■ **Task details**
Write out each line of the material exactly as given, and drop the images.

■ **Data**
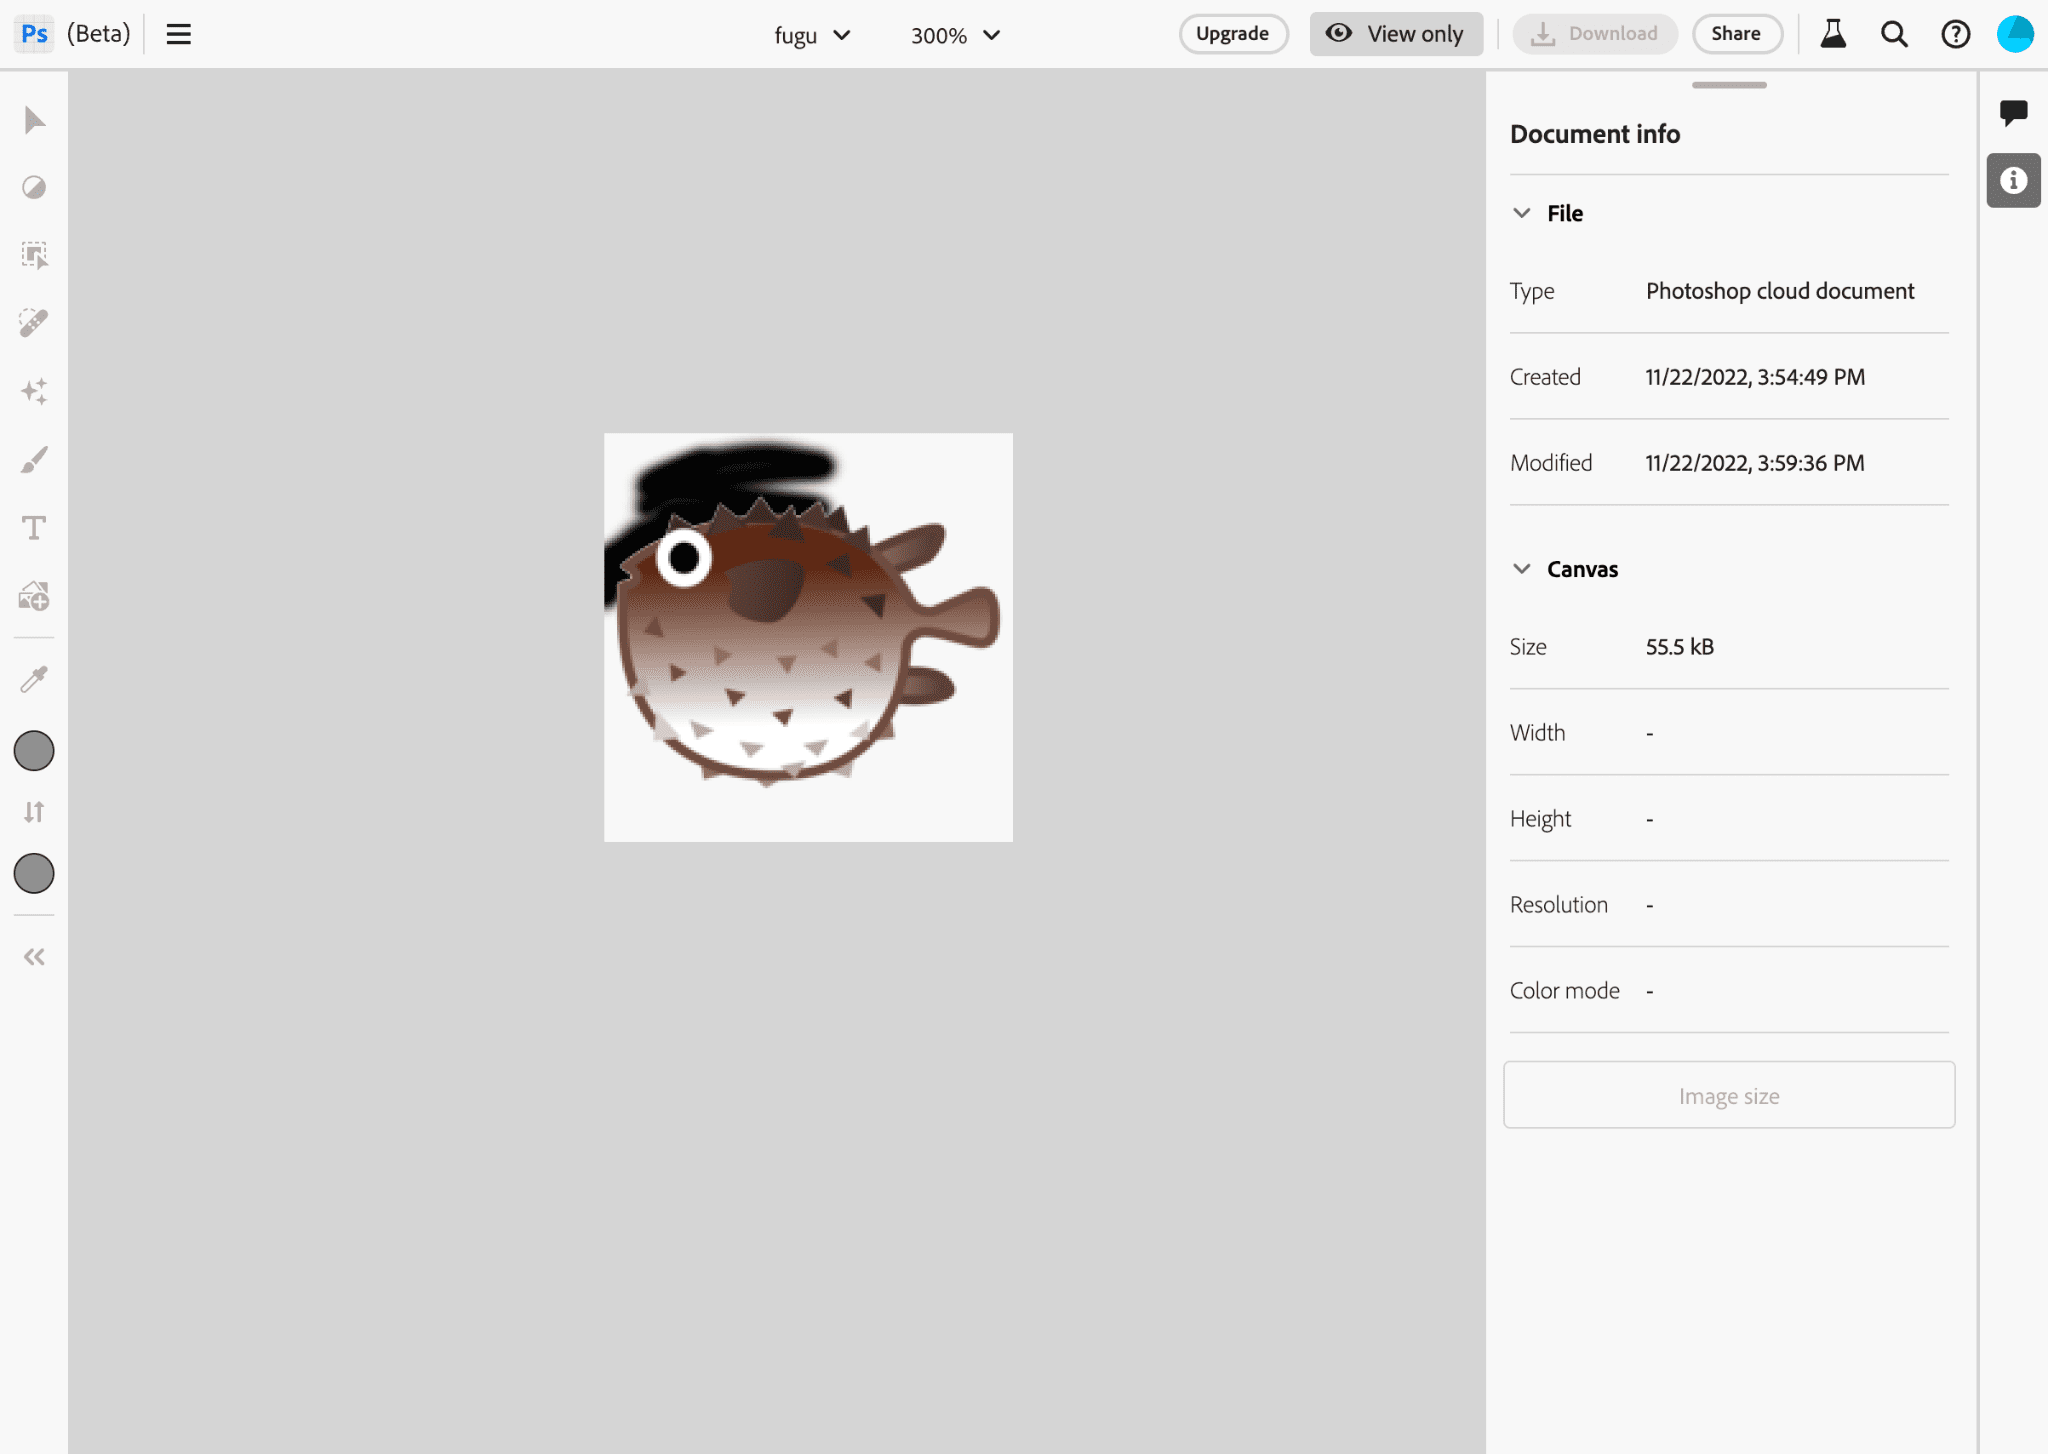 編輯 Project Fugu 標誌圖片時的 Photoshop 應用程式。
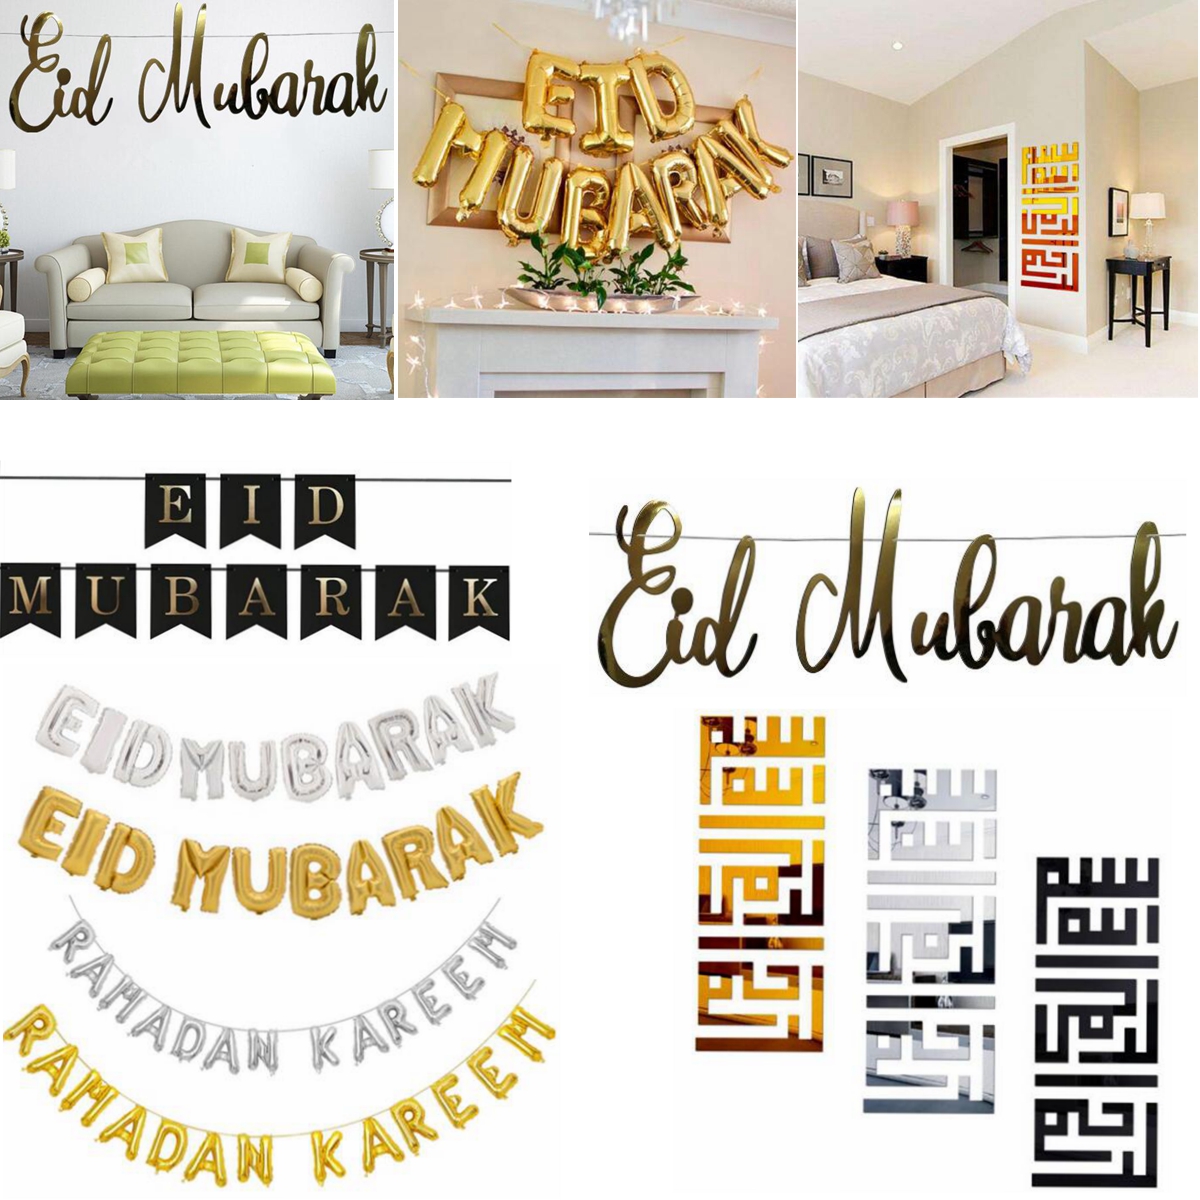 Eid-Mubarak-Ramadan-Kareem-Islam-Pennant-Bunting-Home-Party-Banner-Decorations-1632760-1
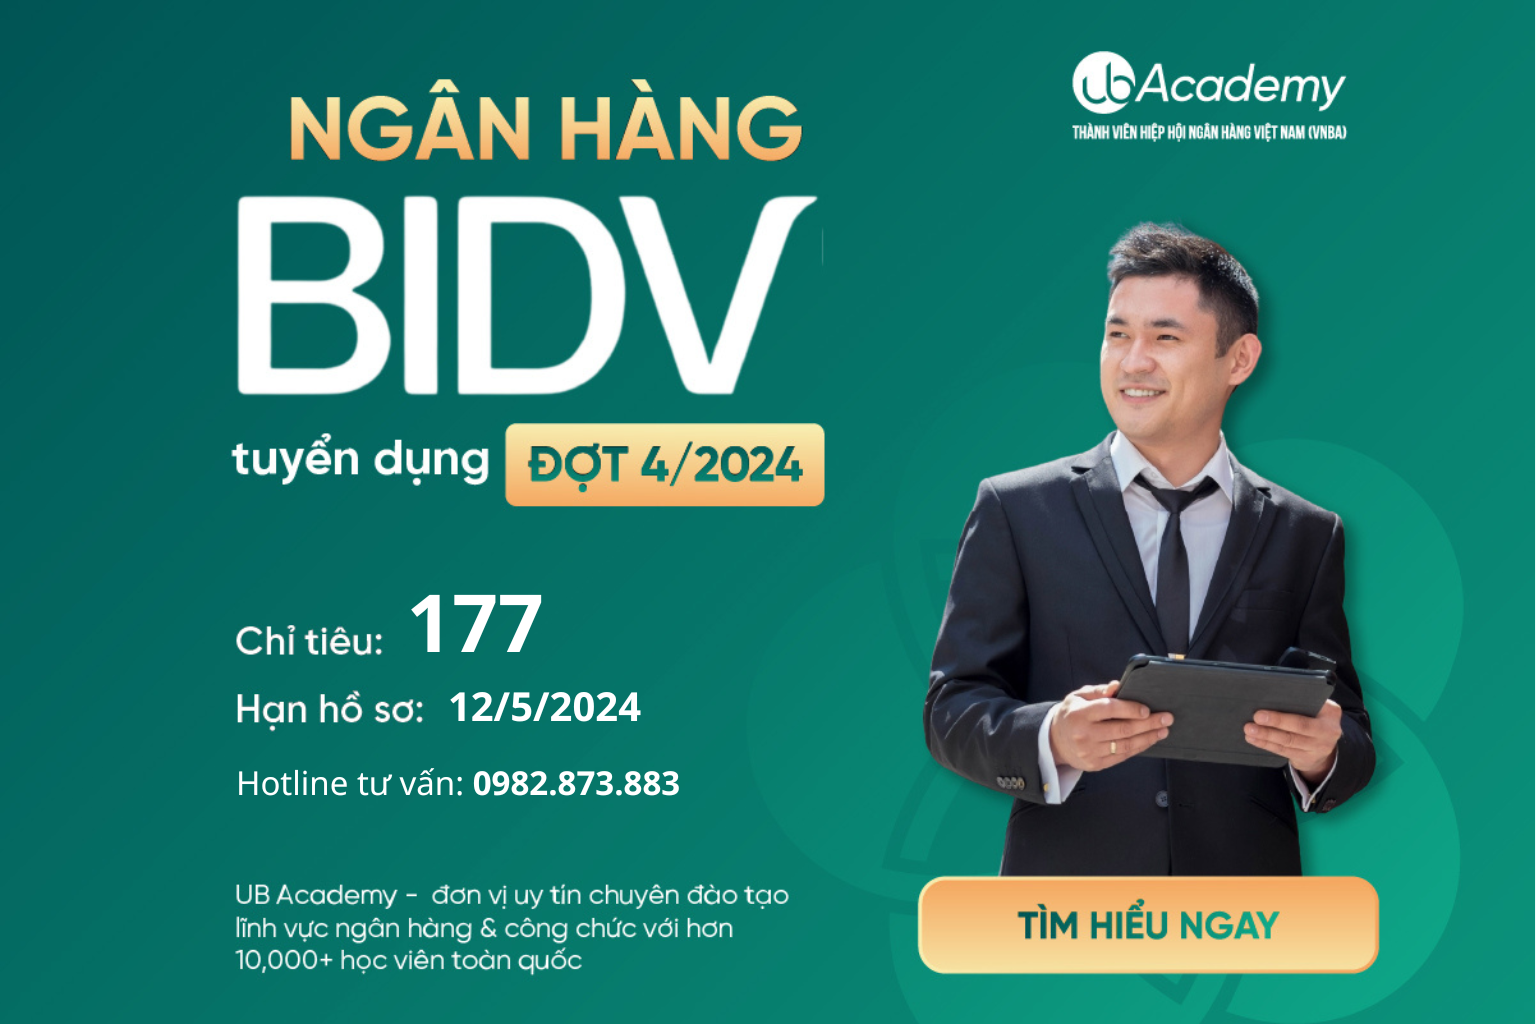 Ngân hàng BIDV tuyển dụng Đợt 4/2024

■ **Task answer**
 編輯 Project Fugu 標誌圖片時的 Photoshop 應用程式。
 Eid-Mubarak-Ramadan-Kareem-Islam-Pennant-Bunting-Home-Party-Banner-Decorations-1632760-1
 Ngân hàng BIDV tuyển dụng Đợt 4/2024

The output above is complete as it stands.